Support for the SNP has always been synonymous with support for independence.
For decades, with separation only seriously pursued by quacks, eccentrics and outsiders, this was of little consequence.
But in recent years – with the national question at the fore – voters identifying with independence has been the source of the SNP’s electoral strength, its patent on power.
If you support the break-up of the UK – and sadly almost half of people in Scotland now do – there has simply been no viable alternative but to vote SNP.
Meanwhile, the pro-UK vote has been divided into two or sometimes three different camps.
In our largely first-past-the-post electoral system, this has given the SNP a huge advantage. But that could all be about to change.
Support for independence has, of course, barely moved an iota over the last decade.
Most polls, including those in recent months showing plummeting support for the SNP, still suggest somewhere between 45 to 50% of the population support separation.
This gives SNP strategists – not least my freshly departed Courier colleague Kevin Pringle – hope that the party can recover its dominant position.
After all, given about half the country still identifies with and supports the SNP’s core offer, why should they vote for anyone else?
But this hope – and, at this stage, it is nothing more than that – wilfully ignores another possibility.
Namely, that the SNP’s hold over the pro-independence vote is weakening and that the Nationalist movement could well fragment.
Salmond senses SNP support is weakening
There is already evidence that some pro-independence voters are considering voting for the Labour Party again.
But further damage to the SNP’s recovery can be inflicted by internecine competition among the pro-independence parties themselves.
The pro-independence Scottish Green Party has enjoyed a small bump in support in recent polls, despite its repeated and well-publicised failings in government.
But this is unlikely to bother SNP strategists, who after all are in an effective coalition with the Scottish Green Party and, in any case, know they only stand a handful of candidates in first-past-the-post contests.
Of greater concern to the SNP will be any potential rise in support for Alex Salmond’s Alba Party.
That the former First Minister scents blood is clear. He has become increasingly bold and outspoken following the demise of Nicola Sturgeon and the police investigation into the SNP’s finances, believing the party’s grip on the pro-independence vote is loosening as a result.

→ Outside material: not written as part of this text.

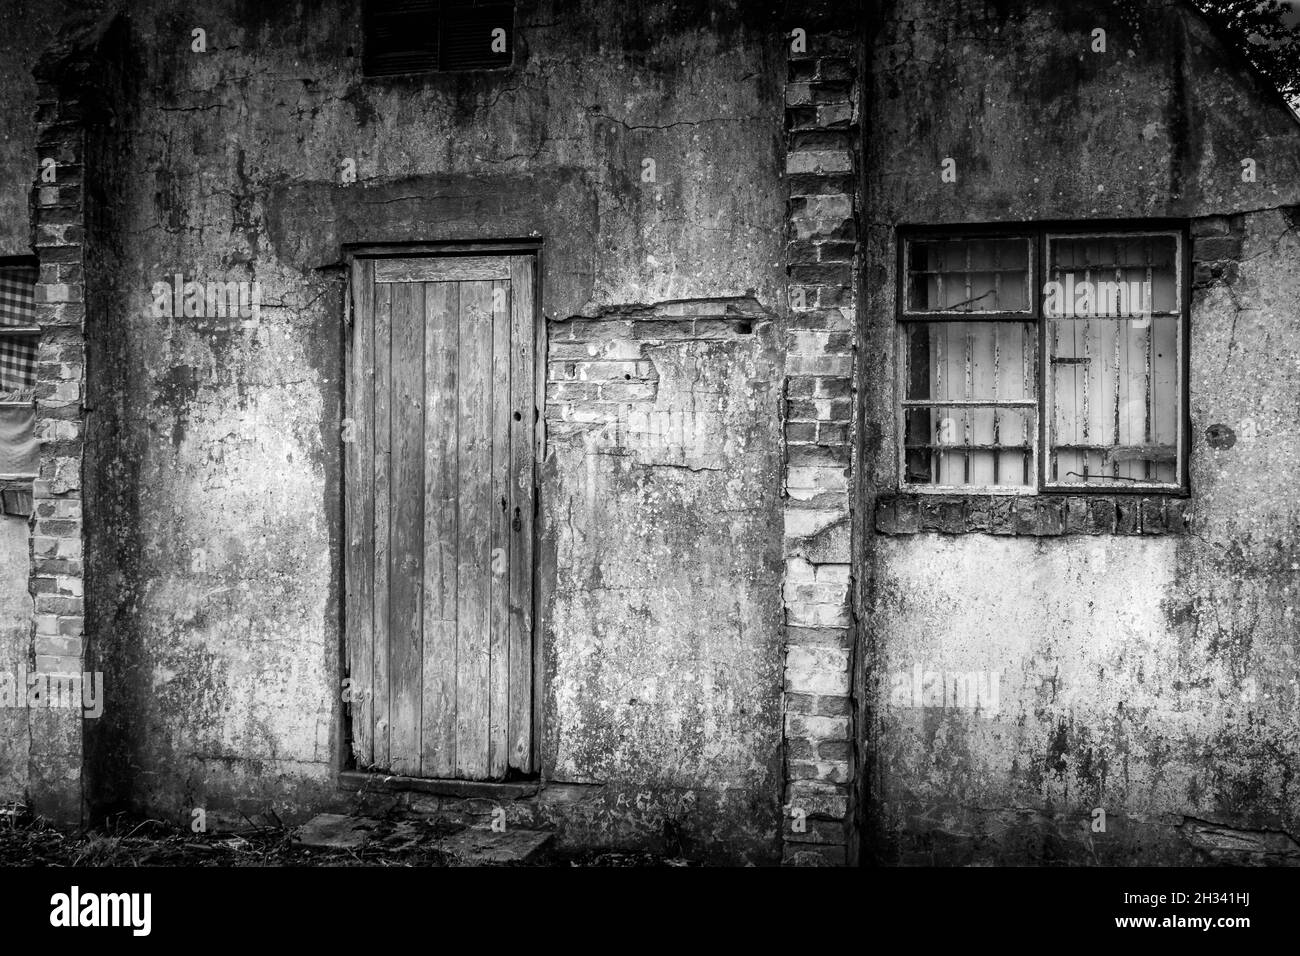 Vista posteriore del vecchio rifugio Nissen utilizzato durante la guerra fredda per ospitare prigionieri militari, mostrando finestra con bar originali e vecchia porta di legno. Nessuna gente Foto Stock

Whatever his other faults, Salmond is no fool and will know his party has no chance of usurping the SNP as the dominant party of the independence movement.
But that does not mean Alba’s impact will be negligible.
Support for Alba could hasten end of SNP dominance
Should it decide to stand candidates against the SNP in a first-past-the-post contest, as seems likely, it could help split the Nationalist vote and allow a pro-UK party to win a seat where, previously, the SNP would have been unassailable.
Certainly, Salmond’s recent call for an electoral pact between Alba and the SNP is evidence he thinks such a scenario is possible.
The offer of a pact was not a serious suggestion – Salmond knows the SNP would never accept it – but rather a pre-emptive attempt to absolve him and his party from blame if and when the pro-independence vote does fragment.
An early test of this proposition will come at the Rutherglen and Hamilton West by-election.
While Labour is all but certain to win the seat regardless, the extent to which an Alba candidate can draw support away from the SNP will give an early sounding for possible fissures in the Nationalist vote.
Should such cracks emerge, it will mark the end not just of an SNP recovery, but of its dominance of Scottish politics in general.